The wild-type Cab strain of Japanese Medaka (Oryzias latipes) was obtained from the fish facility of the Laboratory of Experimental Ontogeny, Institute of Biomedical Sciences, Faculty of Medicine at University of Chile. Adult fish were maintained in a multi-tank, recirculating water system with a 14:10 daily light:dark cycle at 28 ± 1 °C. Embryos were obtained by natural spawning, raised at 26–28.5 °C in embryo-rearing medium (ERM) (17 mM NaCl, 0.4 mM KCl, 0.6 mM MgSO4, 0.36 mM CaCl2, with a conductivity at 340 ± 10 μS, pH adjusted to 7.4 ± 0.3 with NaHCO3 and 0.0002% methylene blue to reduce fungal infection), and staged according to morphology [36] and age in hours or days post fertilization (hpf and dpf, respectively). Older embryos were mechanically dechorionated; the process was carried out by means of two pairs of forceps or dissection needles. However, the mechanical stress frequently resulted in destruction of the embryo.
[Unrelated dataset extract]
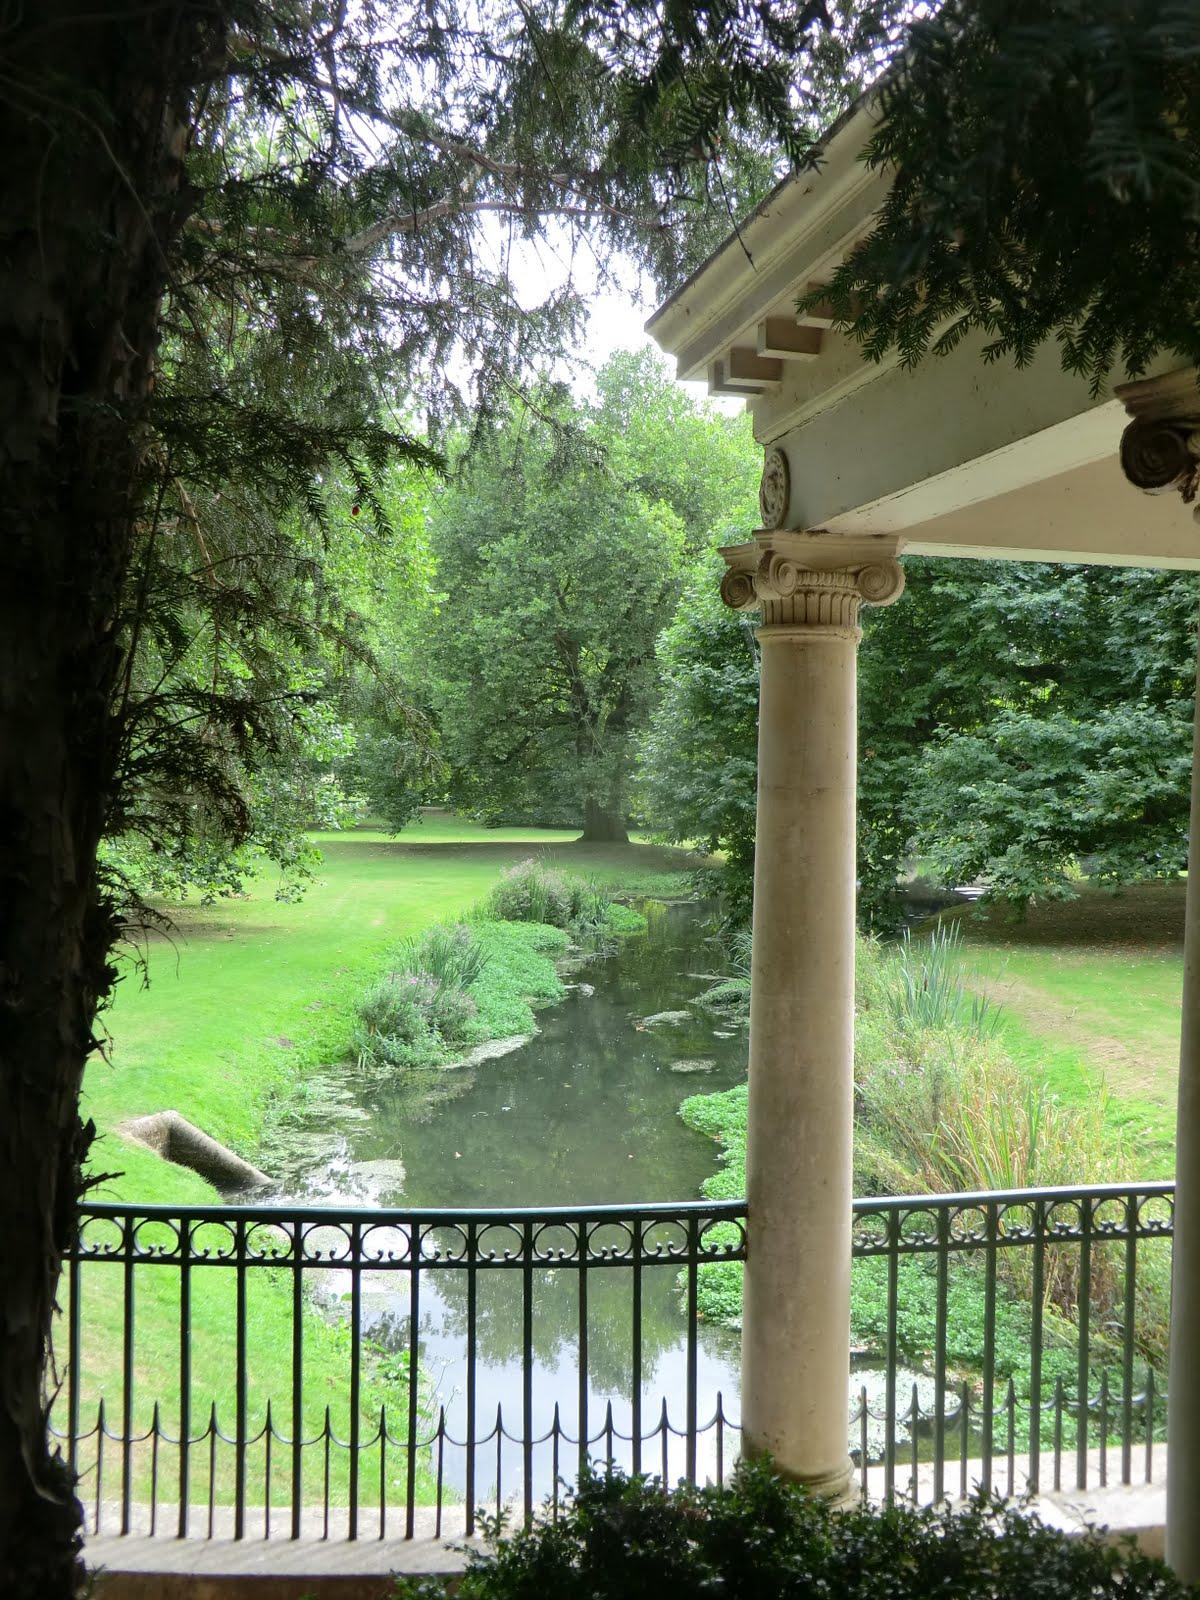 CIMG6031 A glimpse into Audley End Gardens

For younger embryos, enzymatic dechorionation was performed using pronase and hatching enzyme. The embryos were placed in a small drop of water on a plastic surface, excess liquid was removed and hatching enzyme was added (10 μL hatching enzyme per 15 embryos). The embryos were incubated at 27 °C until holes appeared in the chorion. The remaining chorion was removed using forceps and the embryos were kept in ERM in dishes coated with agarose. Hatching enzyme was prepared as follows: embryos with visible hatching glands were homogenized in pre-cooled PBS (0.75 μL PBS per embryo), incubated overnight at 4 °C and debris was removed by centrifugation (15,000 rpm, 4 °C, 10 min). The hatching enzyme solution was stored in aliquots at −20 °C [37,38].
Normal stages of development were determined according to the morphologic event described by this model and their chronological age (hpf) [36,39]. Subsequently, after examining the larvae and establishing the morphological alterations produced by the assay, the larvae were recorded as either normal or abnormal (presence of one or more morphological abnormalities) [26].

2.3. Median Lethal Concentration (LC50)

A group of medaka larvae was selected and used to determine the median lethal concentration (LC50) at 96 h of exposure. Larvae at 60 hpf were placed in 24-well cell culture plates, and were arranged in an incubator with photoperiodic lighting (14:10 daily light:dark cycle at 28.5 °C). Each well contained five medaka larvae with a volume of 900 μL of ERM solution (17 mM NaCl; 0.4 mM KCl; 0.6 mM MgSO4; 0.36 mM CaCl2; pH adjusted to 7.4 with NaHCO3 and 0.0002% methylene blue to reduce fungal infection) and 100 μL of OA-group toxin solution at different concentrations (1.0; 5.0; 10.0; 15.0; 16.0; 20.0; 23.5; 27.0 and 30 μg/mL for OA, and 1.0; 4.0; 7.0; 11.0; 16.0; 21.0; 25.0; 27.0 and 30.0 μg/mL for DTX-1). All OA-group toxin concentrations included their corresponding control groups (0 μg/mL); the ERM solution contained the same amount of solvent used in OA group toxins. Data are presented as mean ± SEM of at least three separate experiments. Each experiment was performed in triplicate.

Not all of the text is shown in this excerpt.